DATA SHOWN START

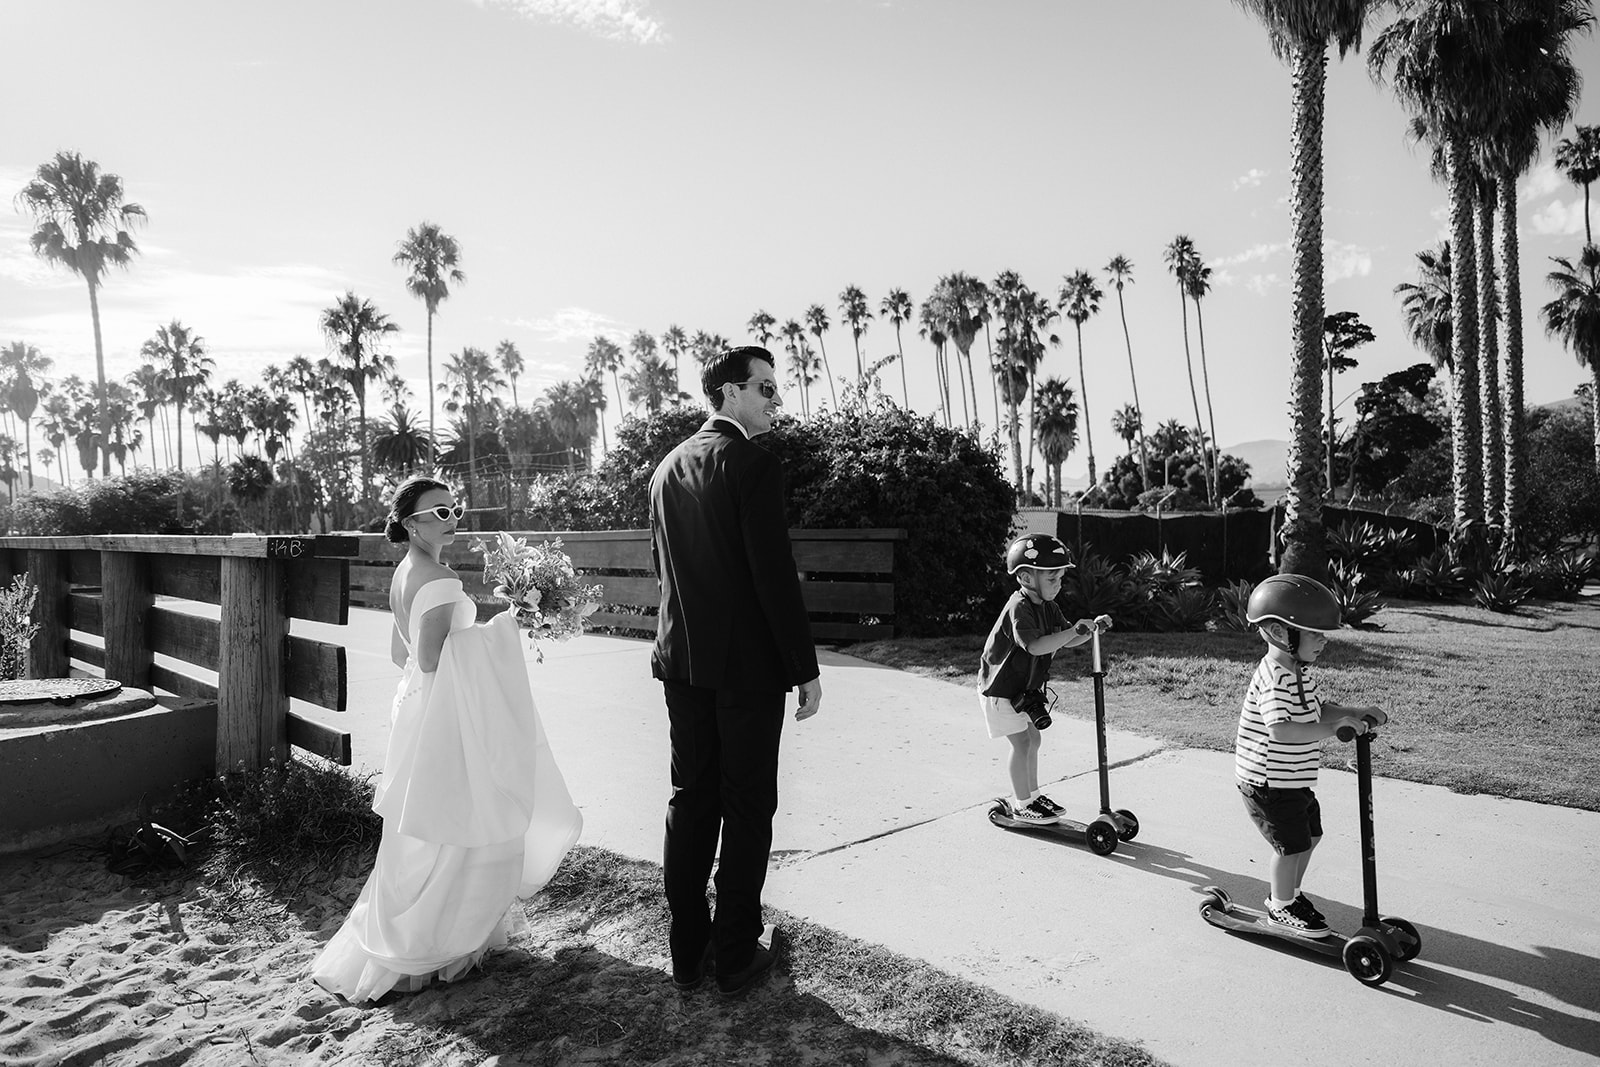 Bride and groom walking on the sidewalk in Santa Barbara by the beach. 
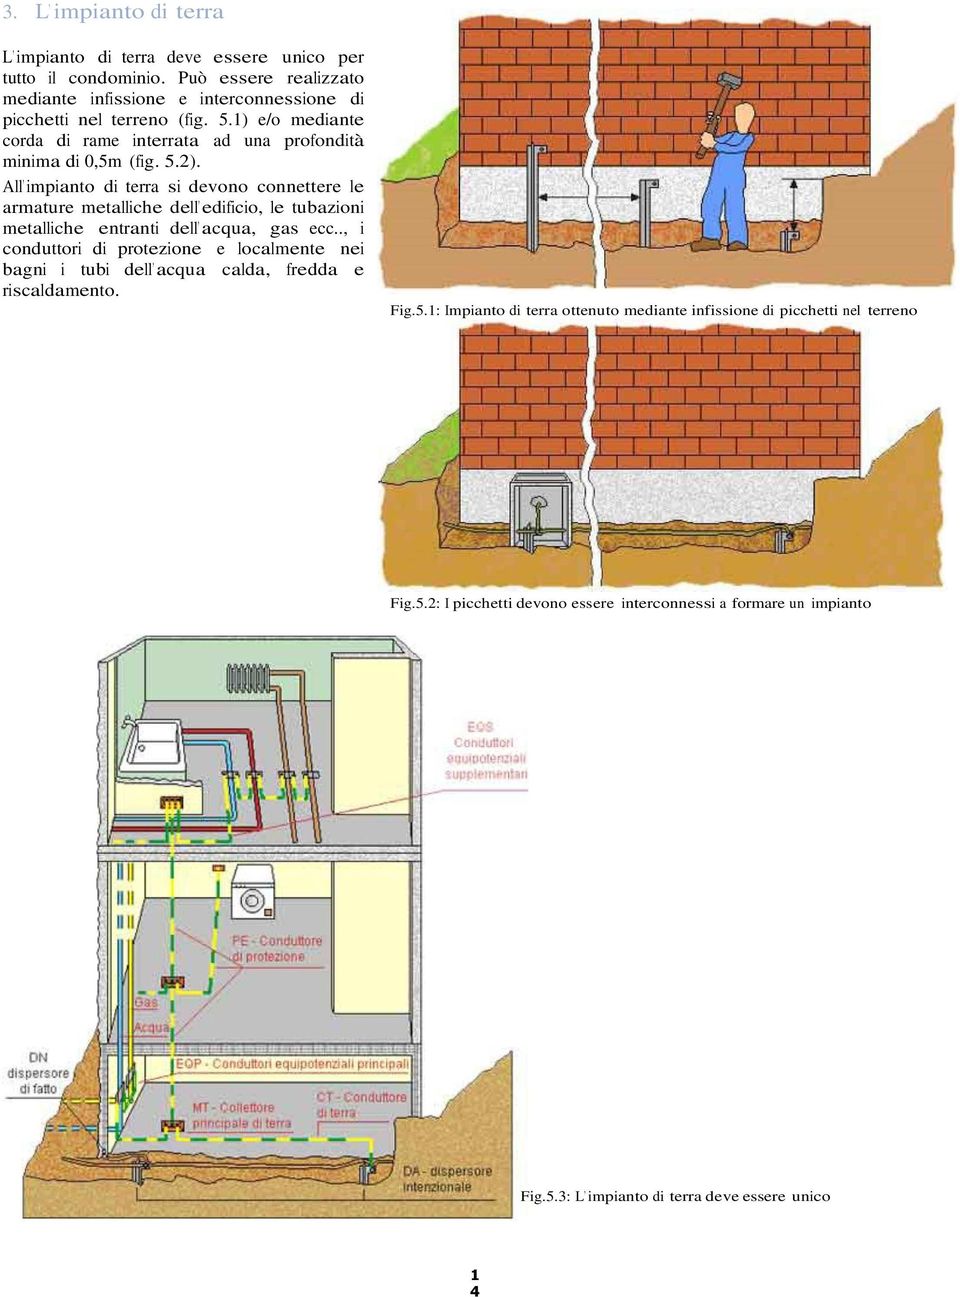 All impianto di terra si devono connettere le armature metalliche dell edificio, le tubazioni metalliche entranti dell acqua, gas ecc.
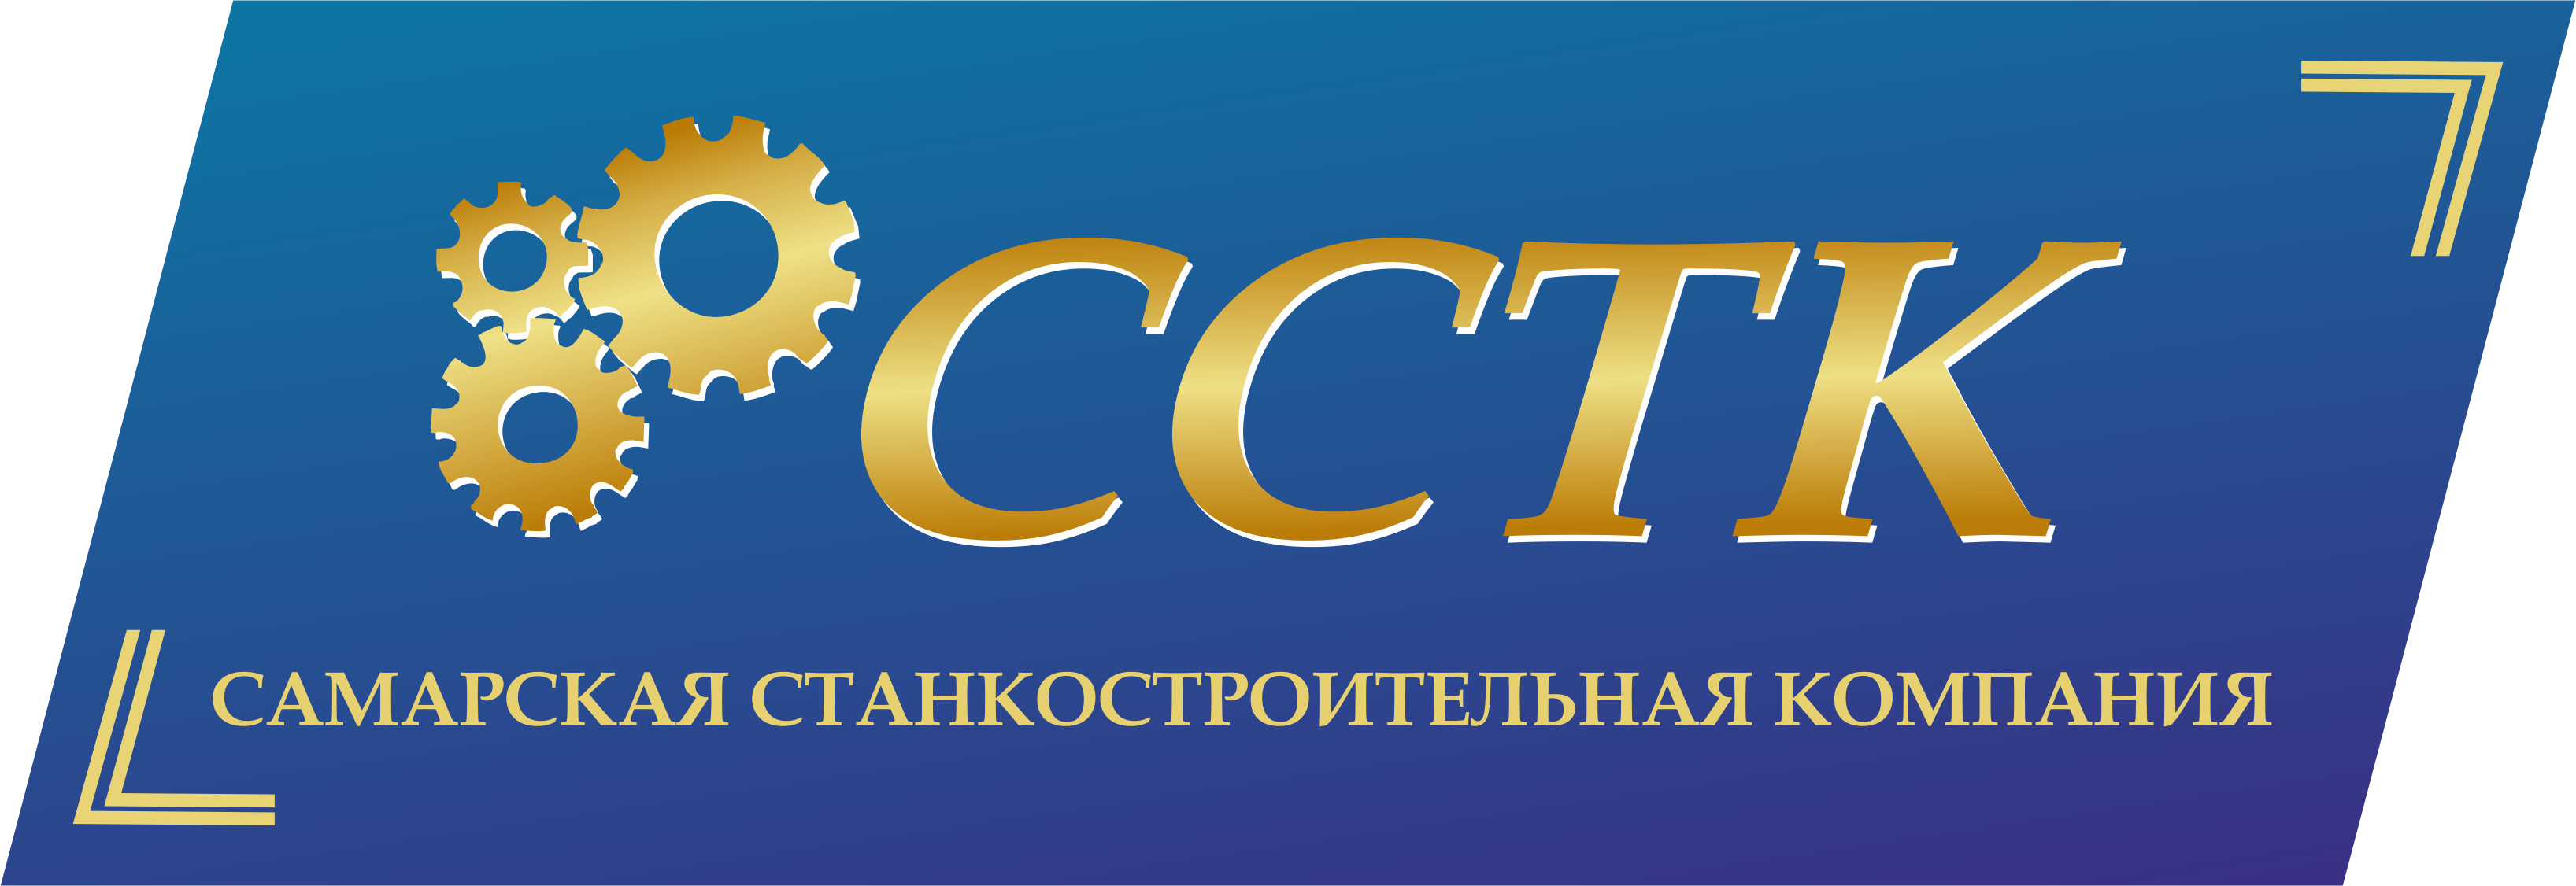 Логотип компании ООО ССТК
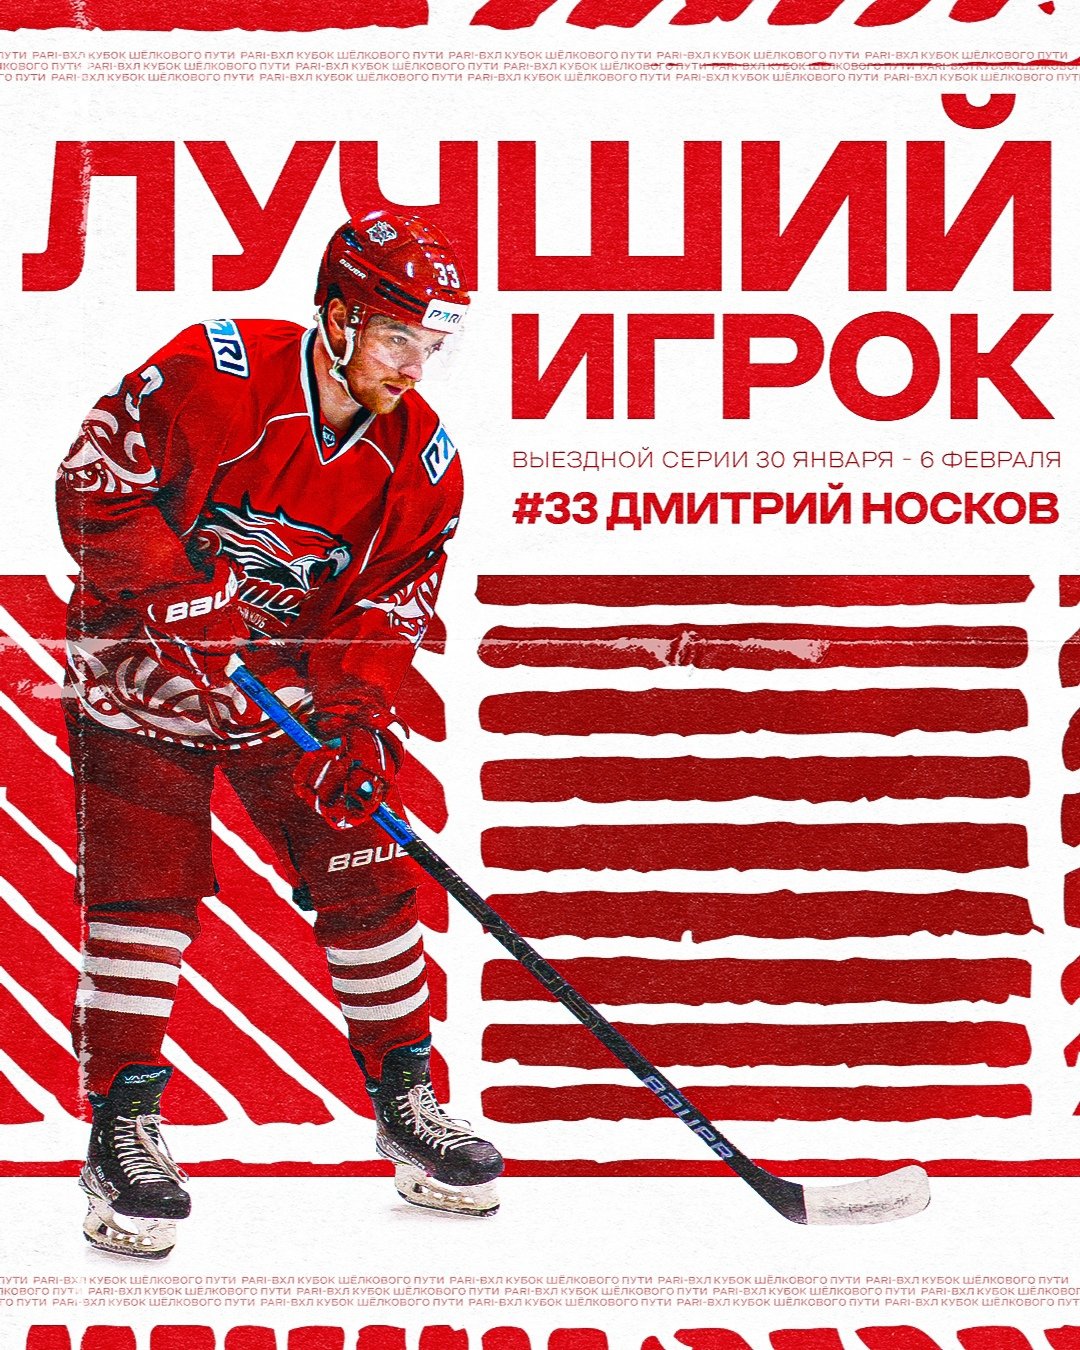 Дмитрий Носков - лучший игрок выездной серии

DATA SHOWN END

The whole of the data needs to be copied word for word, though not its pictures.

 Bride and groom walking on the sidewalk in Santa Barbara by the beach. 
 All impianto di terra si devono connettere le armature metalliche dell edificio, le tubazioni metalliche entranti dell acqua, gas ecc.
 Логотип компании ООО ССТК
 Дмитрий Носков - лучший игрок выездной серии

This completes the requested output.